I can’t fully articulate the reasons why, but I dislike the entire speed-running culture. I’ve always been someone who sinks as deeply as I possibly can into the environments that games provide, placing a lot of value on carefully crafted details, flora, object clutter and ambience.
Speed-running is essentially the exact opposite of this, and it takes what was intended to be an enjoyable escape and gamifies it beyond recognition. It becomes a sweaty, disgusting mess of button mashing, sprinting, wall-glitching, exploitation, and a bastardization of mechanics. I definitely get why some people find this interesting, but I just can’t find the off-switch for how much I hate watching it. It’s in a similar ballpark as extreme min-maxing in modern MMOs, where people get so addicted to arbitrarily raising numbers by the smallest margin that the game itself just evaporates into the background.

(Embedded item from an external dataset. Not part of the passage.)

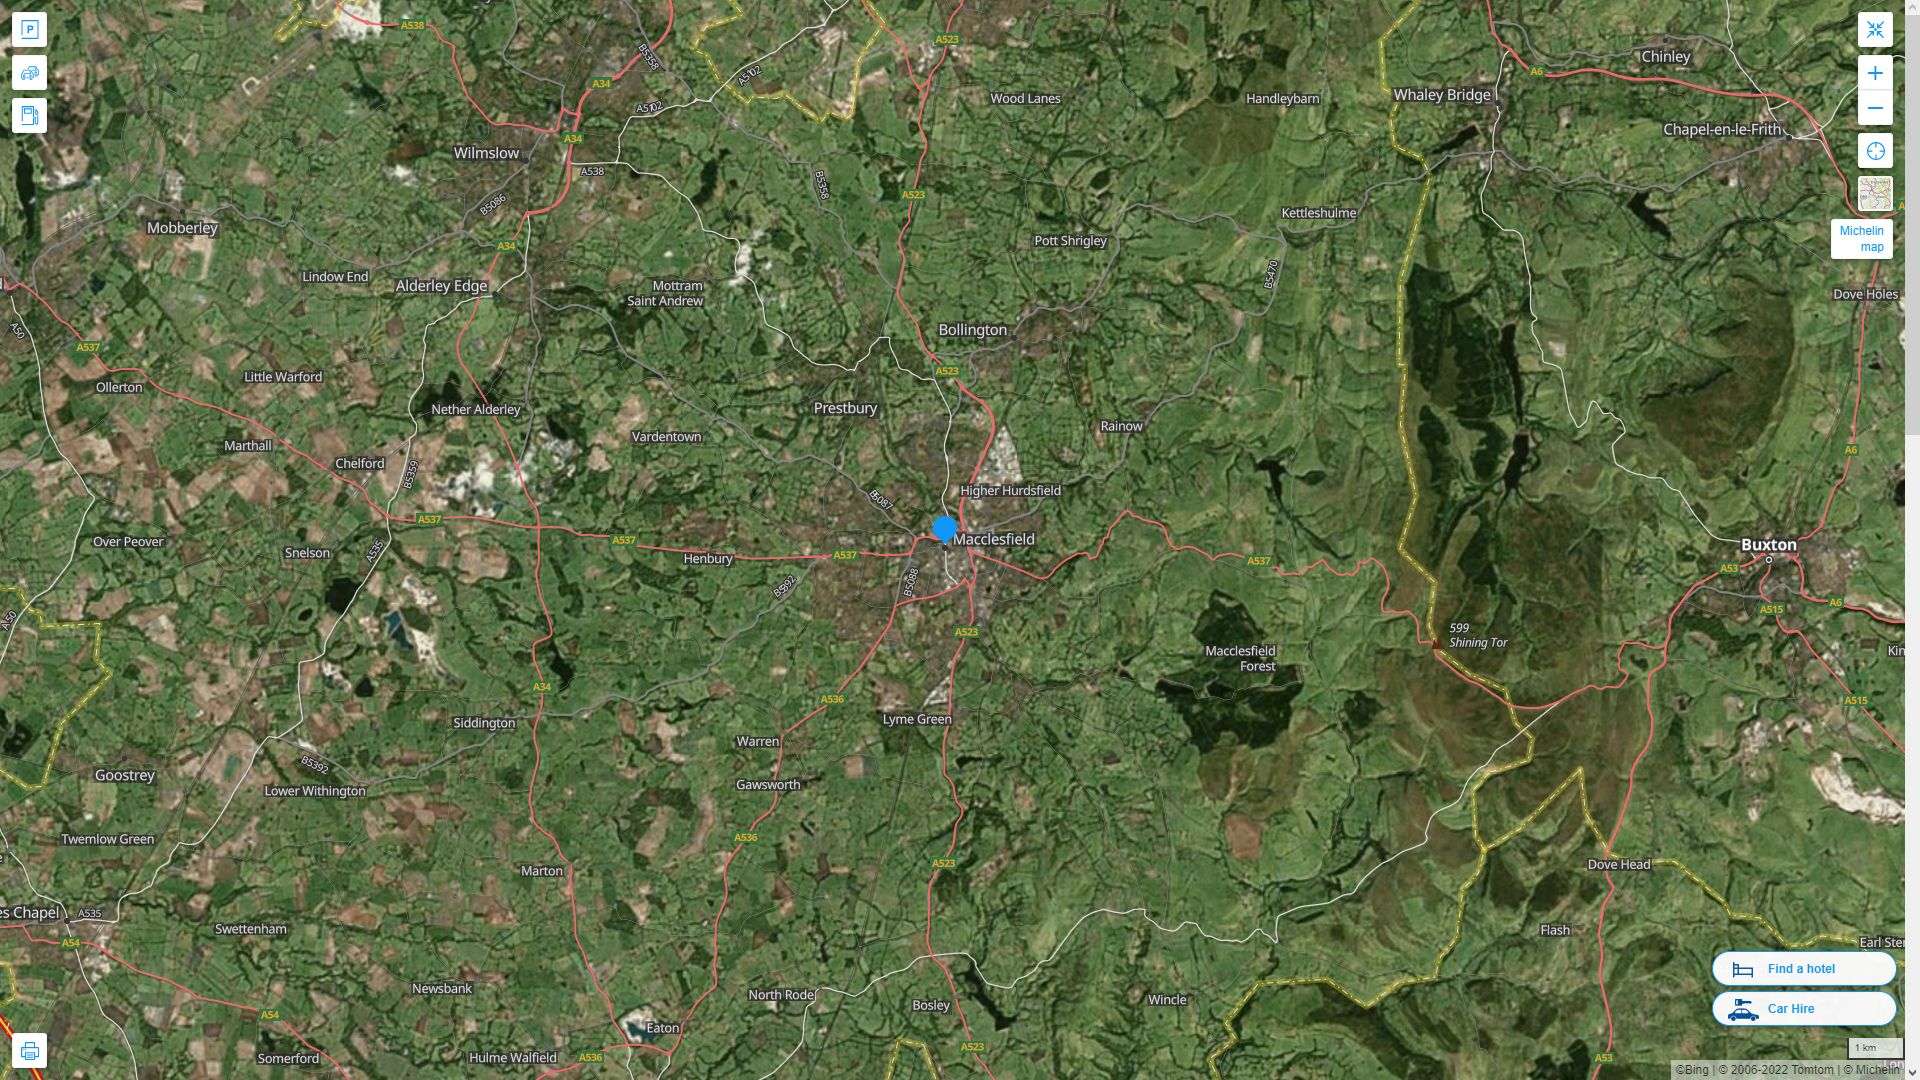 Macclesfield Royaume Uni Autoroute et carte routiere avec vue satellite

Dunstabzugshaubitze@feddit.org 3 days ago
i don’t get the nihilism angle. it seems to be all about selffulfilment and pushing oneself to see what one is capable of. simmiliar to triathlets, race car drivers or climbers.
dwindling7373@feddit.it 3 days ago
Making your own valorial framework is a close cousin to accepting there is no inherent one.
This is true for many things (all things?), but I think we can agree that as pointless or challenging being fast driving a car still welcomes the intended use of the car, is surrounded by a broadly shared and accepted economical advantage.
Esports would be the equivalent, pushing to be the best at a game, the way it’s meant to be played.
Speedrun is getting into a racing car and mastering with an iron will getting in and out as fast as possible.